Ireland is traditionally associated with old castles, St. Patrick’s Day, pubs and beer. However, on the map of this country there are some amazing places that few people have heard about. One of them is the archipelago of the Aran Islands, which is located off the western coast of Ireland, surrounded by the noisy waters of the Atlantic Ocean. This is a kind of natural fort, which has been protecting Galway Bay and coastal cities from intruders for centuries.
The Arans consist of three islands – Inishmore, Inishmaan and Inisheer
Due to its isolation from the rest of Ireland, the Aran Islands have perfectly preserved their national customs and culture, and traditions are carefully passed down from generation to generation. The main occupations of the locals are farming and fishing. Agriculture here has hardly changed since ancient times, so sometimes it seems that time has stopped here.
Rocky landscapes, perfectly accentuated by the endless waters of the Atlantic, guarantee an unforgettable experience, and the cold inaccessibility of the rocks will further enhance it!
On the island of Inishmore, which is an elongated limestone plateau, a large number of ancient monuments are concentrated. Massive stone buildings, built without mortar (and some even right in the rocks!) create a feeling of unreality. One of the main attractions of the island of Inishmore is the prehistoric settlement of Dun Aengus, which is a massive fort made of gray stone blocks with a fortress inside. And there is also one of the smallest churches in the world – the Teampall Bheanáin.
Inishman Island, the most sparsely populated of all the Aran Islands, has more lush vegetation. Several ancient forts with massive stone walls have been preserved here.
Inisheer Island is the smallest, but no less interesting island of the Arans. Here, inside the ancient ring fort, you can see the O’Brien’s Castle, built in the 15th century. Other local attractions include an old burial mound Cnoc Raithní, St. Kevin’s Church, the ruins of the Church of the Seven Daughters, and the Church of St. Gobnet.

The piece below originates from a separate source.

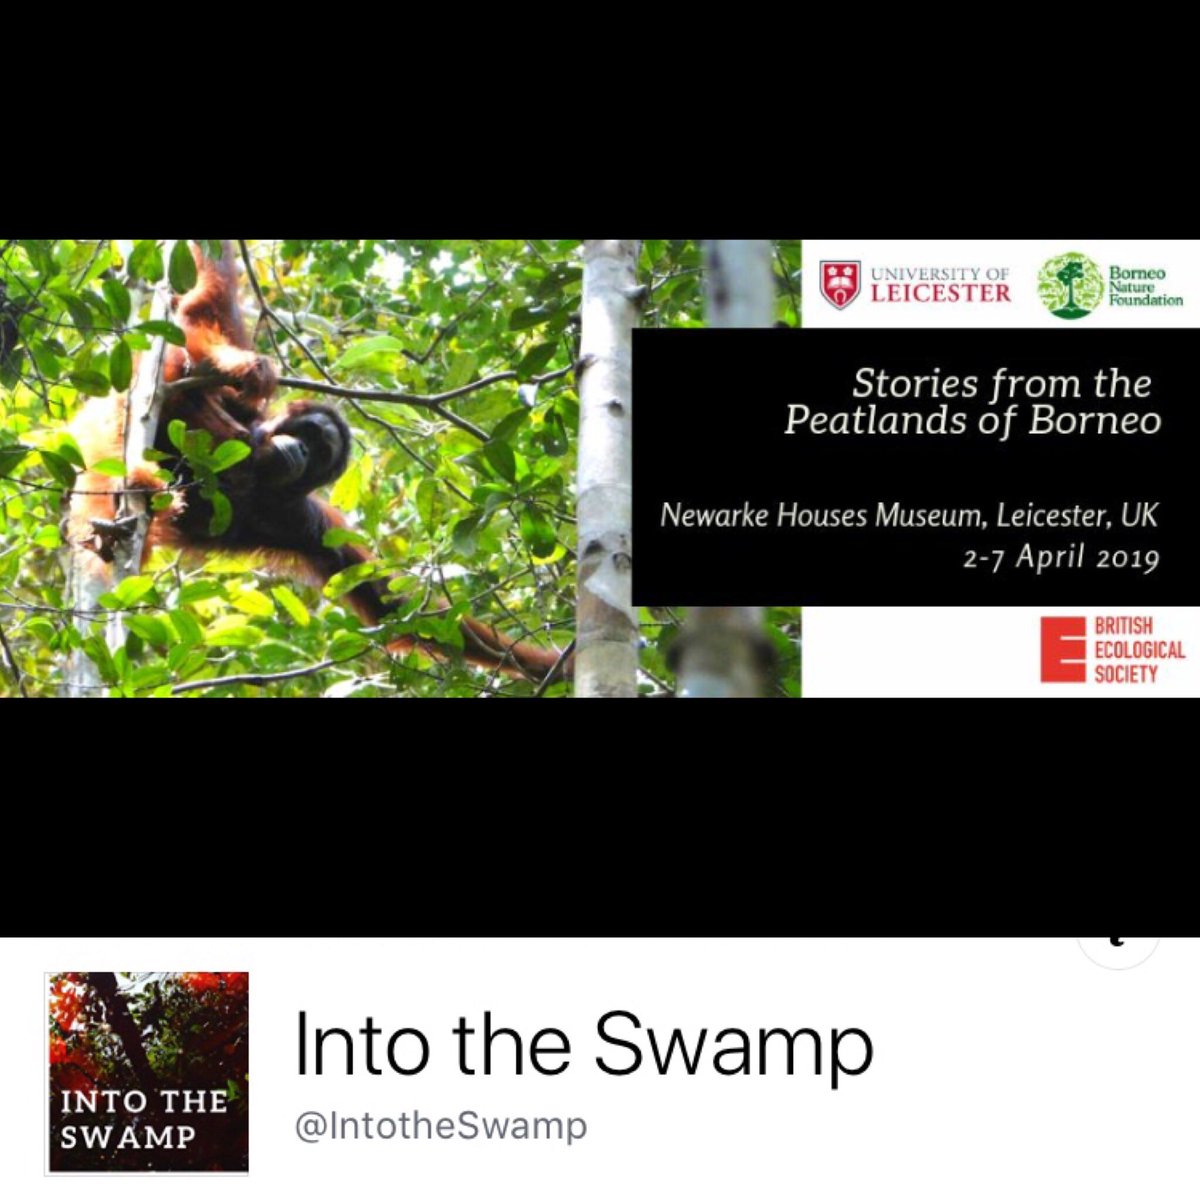 Like and share our new Facebook page to keep up to date with news and events related to the exhibition Into the Swamp coming to Leicester in April 2019! #leicester #leicesterevents #universityofleicester @BritishEcolSoc @BorneoNature @uniofleicester @LeicesterGeog @LeicesterUnion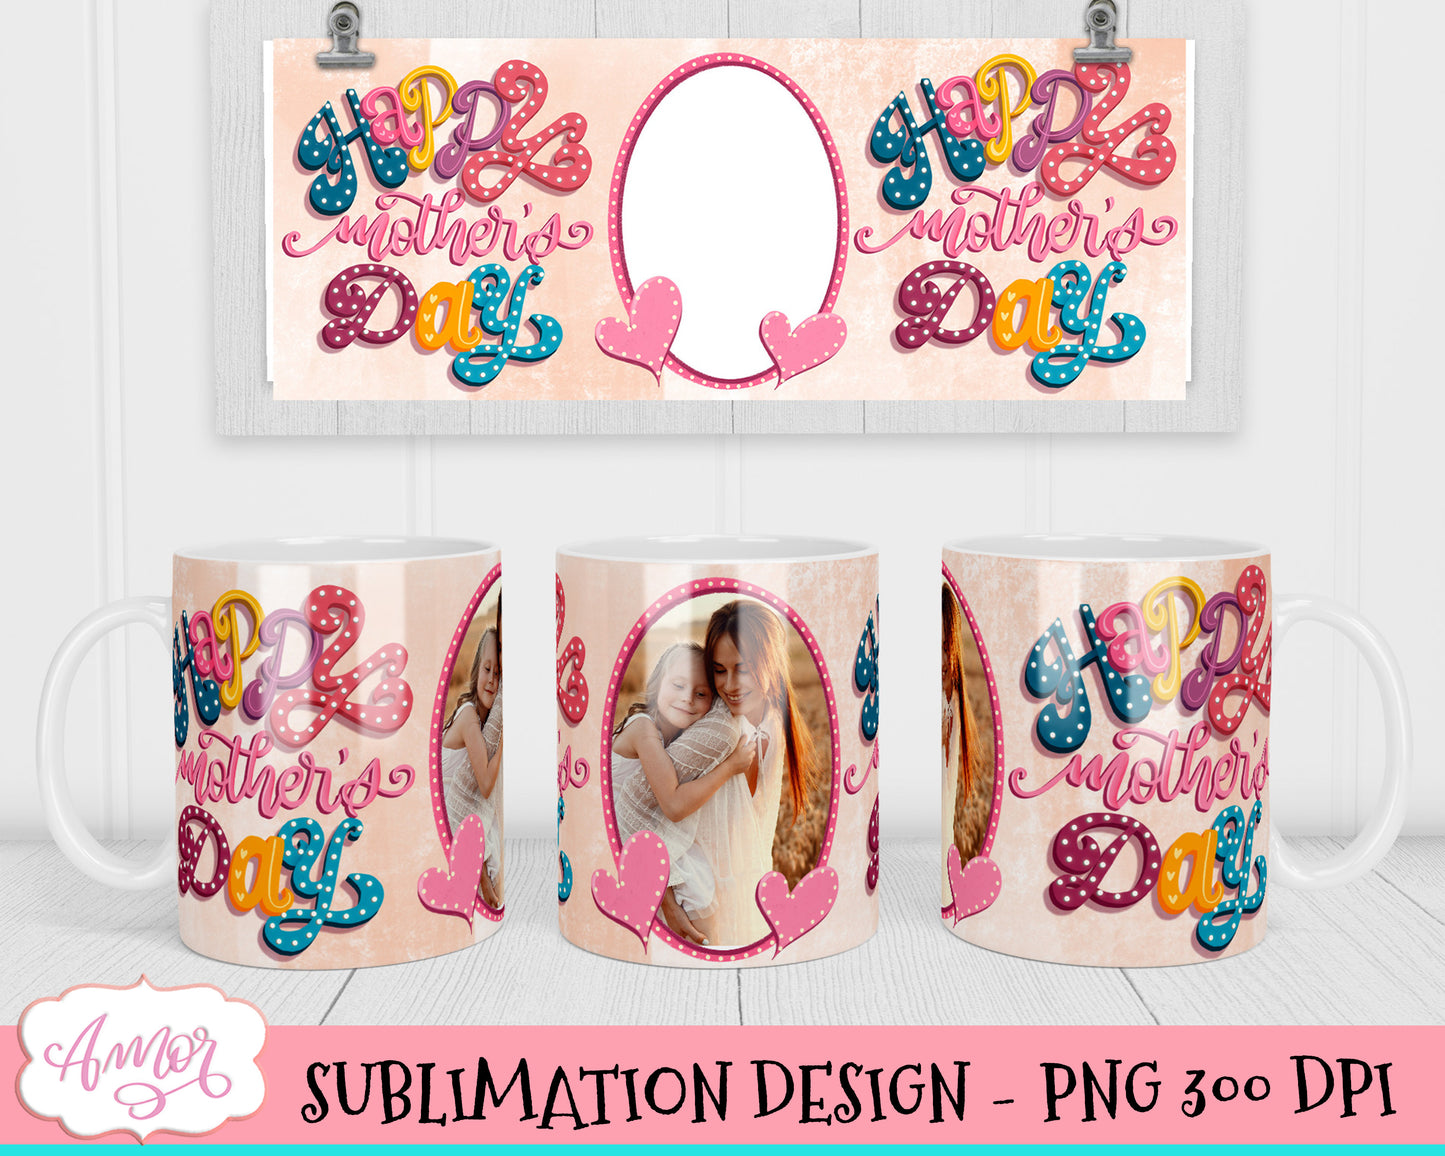 Mother's day photo mug wrap for sublimation

If you want to take some souvenir from the islands with you, be sure to buy a local sheep’s wool sweater. The Arans have been famous for this magnificent product for centuries.
The Aran Islands are not subject to the influence of time. Sometimes it seems that they have descended from the pages of Celtic fairy tales. No wonder the local bewitching landscapes are considered one of the most beautiful in the world. If you appreciate unusual routes and unforgettable impressions, you should definitely visit this amazing “edge of the Earth”!